Stl: <charconv>: Report compiler optimization issues

Created on 28 Aug 2020 · 2Comments · Source: microsoft/STL

<charconv> is very fast, but it could be faster. One issue is that MSVC's optimizer often generates slower code for <charconv> than Clang/LLVM. We should create reduced test cases and file bugs on Developer Community for the optimizer team to investigate and fix.

At the bottom of this issue, I've prepared a self-contained test case using <charconv>. Here's a table of my timing results (Intel Core i7-8700, VS 2019 16.8 Preview 2, Clang/LLVM 10.0.0). The measured times are average nanoseconds per floating-point value.

| Scenario | MSVC x86 | LLVM x86 | LLVM x86 Speedup Ratio | MSVC x64 | LLVM x64 | LLVM x64 Speedup Ratio |
|----------|-------:|---------:|-----------------------:|-------:|---------:|-----------------------:|
| float plain shortest | 48.3 | 45.5 | 1.06 | 41.9 | 35.7 | :warning: 1.17 |
| double plain shortest | 92.5 | 71.8 | :x: 1.29 | 49.1 | 39.4 | :x: 1.25 |
| float scientific shortest | 47.2 | 41.4 | :warning: 1.14 | 38.3 | 31.6 | :x: 1.21 |
| double scientific shortest | 92.6 | 72.5 | :x: 1.28 | 48.0 | 39.6 | :x: 1.21 |
| float fixed shortest | 58.9 | 51.1 | :warning: 1.15 | 47.6 | 38.8 | :x: 1.23 |
| double fixed shortest | 338.5 | 298.4 | :warning: 1.13 | 145.9 | 111.6 | :x: 1.31 |
| float general shortest | 48.8 | 42.5 | :warning: 1.15 | 39.3 | 32.5 | :x: 1.21 |
| double general shortest | 92.9 | 72.4 | :x: 1.28 | 48.6 | 38.5 | :x: 1.26 |
| float hex shortest | 25.8 | 26.4 | :heavy_check_mark: 0.98 | 21.0 | 23.8 | :heavy_check_mark: 0.88 |
| double hex shortest | 109.3 | 53.8 | :boom: 2.03 | 27.7 | 26.6 | 1.04 |
| float scientific 8 | 116.5 | 102.3 | :warning: 1.14 | 63.8 | 58.0 | :warning: 1.10 |
| double scientific 16 | 145.5 | 128.7 | :warning: 1.13 | 77.5 | 65.1 | :warning: 1.19 |
| float fixed 6 (lossy) | 83.8 | 79.3 | 1.06 | 45.2 | 41.2 | :warning: 1.10 |
| double fixed 6 (lossy) | 294.7 | 270.6 | 1.09 | 121.4 | 94.1 | :x: 1.29 |
| float general 9 | 134.5 | 118.8 | :warning: 1.13 | 79.5 | 70.7 | :warning: 1.12 |
| double general 17 | 176.2 | 153.8 | :warning: 1.15 | 97.6 | 81.4 | :x: 1.20 |
| float hex 6 | 25.7 | 21.2 | :x: 1.21 | 21.0 | 17.4 | :x: 1.21 |
| double hex 13 | 103.0 | 26.4 | :boom: 3.90 | 26.9 | 30.6 | :heavy_check_mark: 0.88 |

The "LLVM Speedup Ratio" is the MSVC time divided by the LLVM time, so higher values mean that MSVC is slower than what LLVM has proven is possible on this hardware.
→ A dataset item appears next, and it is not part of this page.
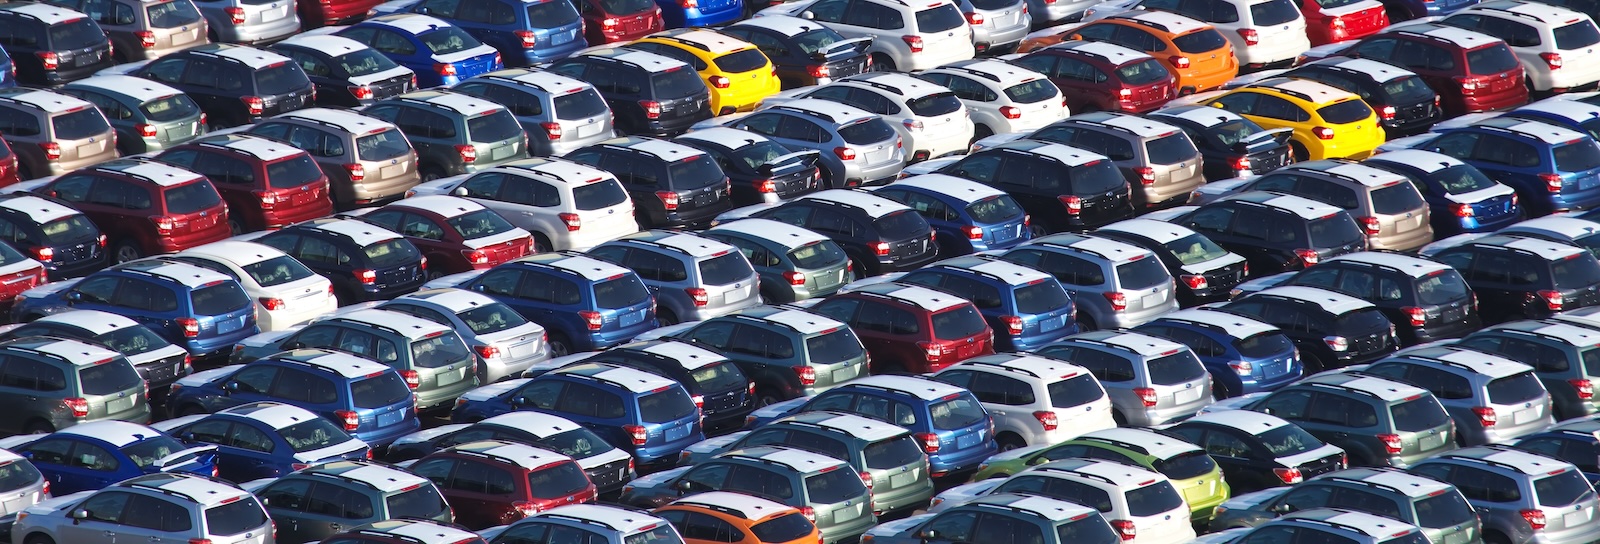 An aerial view of a car dealership's inventory lot filled with rows of various cars, illustrating effective car dealership inventory management strategies. This image highlights the importance of organized automotive dealership inventory management for optimal sales and customer satisfaction.

I've marked values >= 2.0 with :boom:, values >= 1.2 with :x:, values >= 1.1 with :warning:, and values < 1.0 with :heavy_check_mark: (this is when MSVC is faster).
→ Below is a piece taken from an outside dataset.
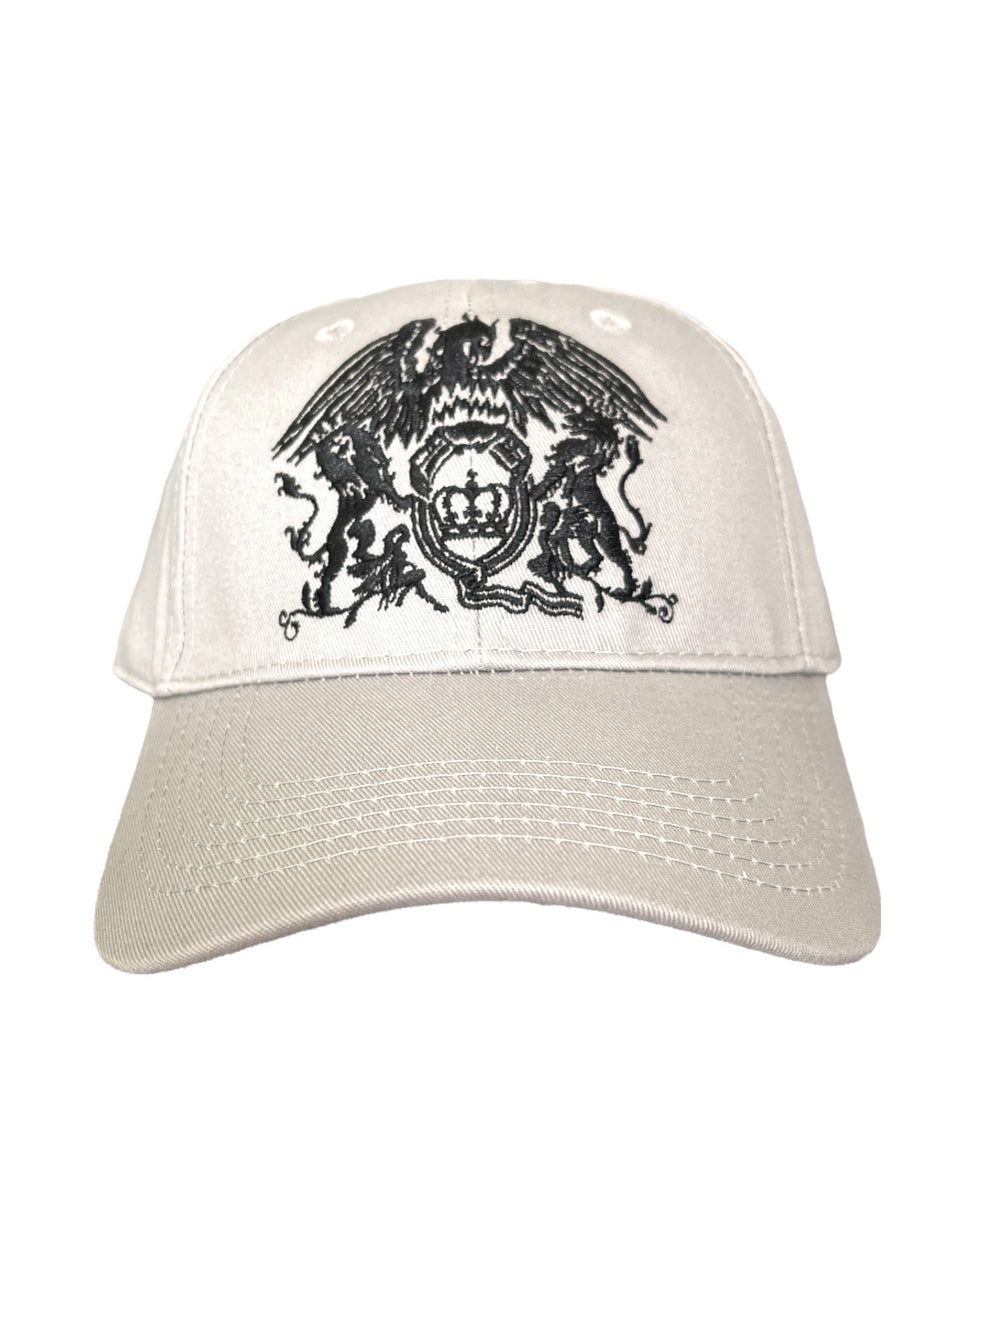 Queen Official Peak Cap Crest & Name Embroidery Adjustable New GREY

There are at least two separate issues here:

x86 double hex :boom:. This codepath performs bitwise operations with uint64_t. Something terrible is happening here, causing code that should be ultra-fast to instead be extremely slow (relatively speaking). This seems specific to the integer type being wider than the machine's preferred width. The good news is that because this codepath is so simple, it should be easy to extract into a minimal test case, and because the issue is so severe, the cause will hopefully be easy for the optimizer devs to find and fix. The functions are: https://github.com/microsoft/STL/blob/b90b3e05d2eb77e3178fb83c2e1eb7d539debf21/stl/inc/charconv#L2079-L2432
Decimal slowness, from moderate :warning: to significant :x:. These optimizer issues affect @ulfjack's amazing Ryu and Ryu Printf algorithms (used for the "shortest" and "precision" scenarios, respectively, although shortest does need to invoke Ryu Printf in a specific situation). When I worked on importing them to <charconv>, I reported as many optimizer issues as I could, MSVC (and LLVM) were able to fix some of them, and I was able to improve the source workarounds for other issues. However, there are still persistent issues with MSVC's optimizer.

Bonus issue: Conversely, MSVC appears to be generating noticeably faster code for the double hex 13 scenario on x64 :heavy_check_mark:. This indicates that LLVM has room for improvement; an issue could be reduced and reported to them.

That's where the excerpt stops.